Post by Figgles on Nov 20, 2024 6:04:46 GMT
Man's mind may be likened to a garden, which may be intelligently cultivated or allowed to run wild; but whether cultivated or neglected, it must, and will, bring forth. If no useful seeds are put into it, then an abundance of useless weed-seeds will fall therein, and will continue to produce their kind.
[...]
Good thoughts and actions can never produce bad results; bad thoughts and actions can never produce good results. This is but saying that nothing can come from corn but corn, nothing from nettles but nettles. Men understand this law in the natural world, and work with it; but few understand it in the mental and moral world (though its operation there is just as simple and undeviating), and they, therefore, do not co-operate with it.
James Allen, As A Man Thinketh
Reefs:
This basically explains the sickly guru paradox.
This basically explains the sickly guru paradox.
It's only a paradox if you've bought into the idea that mind's judgments about what constitutes a "good thought/action" vs. a "bad thought/action," and what constitutes a "bad result" vs. a "good result," are inviolable....Truth.

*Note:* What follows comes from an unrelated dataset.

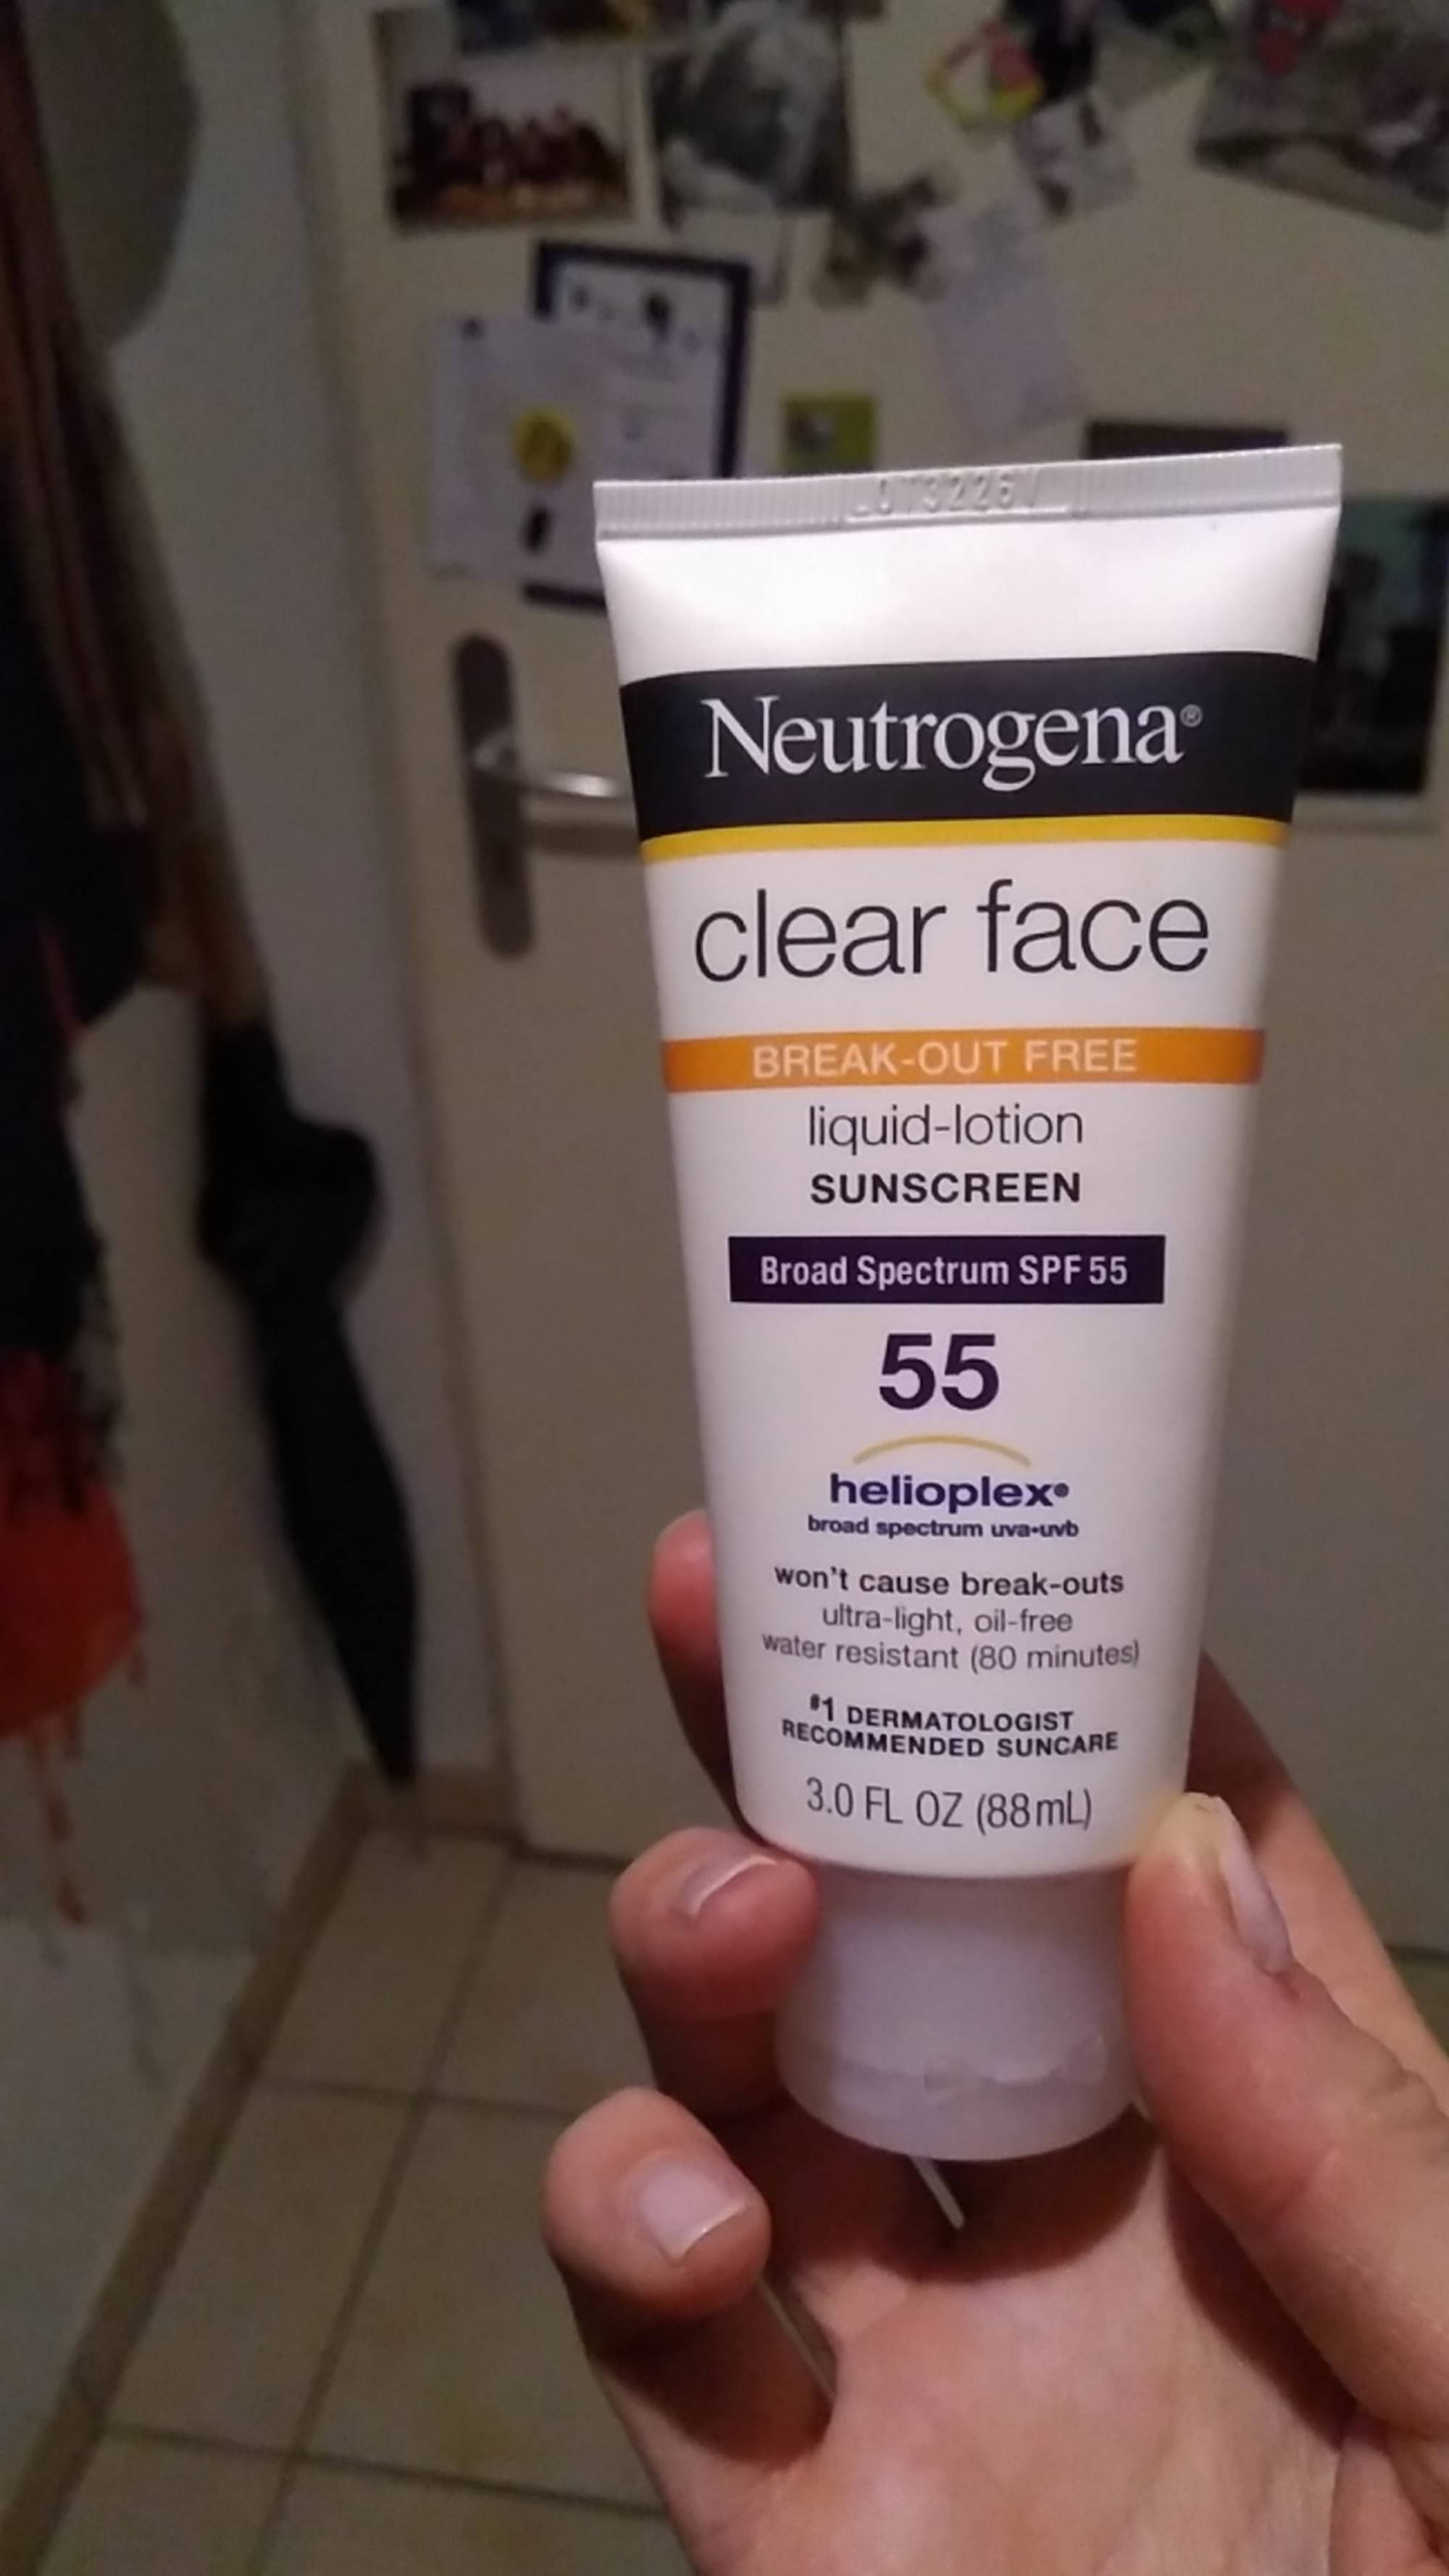 NEUTROGENA - Liquid-lotion sunscreen clear face spf 55

I'd suggest spending some time inquiring into specifically those mind-based judgments. Absent SR, it's important to challenge those.....to question values.....to question attachments to judgments and the black/white labelling of good vs. bad....right vs. wrong....moral vs. immoral, etc.
Those judgmental attachments have no place in freedom/SR.
From the vantage point of an SVP, a body that is paralyzed, for example, and requires a wheelchair to get around, evokes deep/harsh judgments...condemnation....extreme mental and emotional resistance, a sense of intolerability towards such a condition, but that depth of judgment is simply no longer in play in the absence of an SVP.
What that means is that post SR, there is no longer any 'paradox' regarding a guru with a so called "imperfect" bodily condition. The entire measuring stick by which judgments are now made, has shifted dramatically.
Conditions that were previously deemed to be condemnable, intolerable, are now accepted...allowed, even embraced. It's impossible to truly grasp that from the position of seeing through the eyes of an SVP though.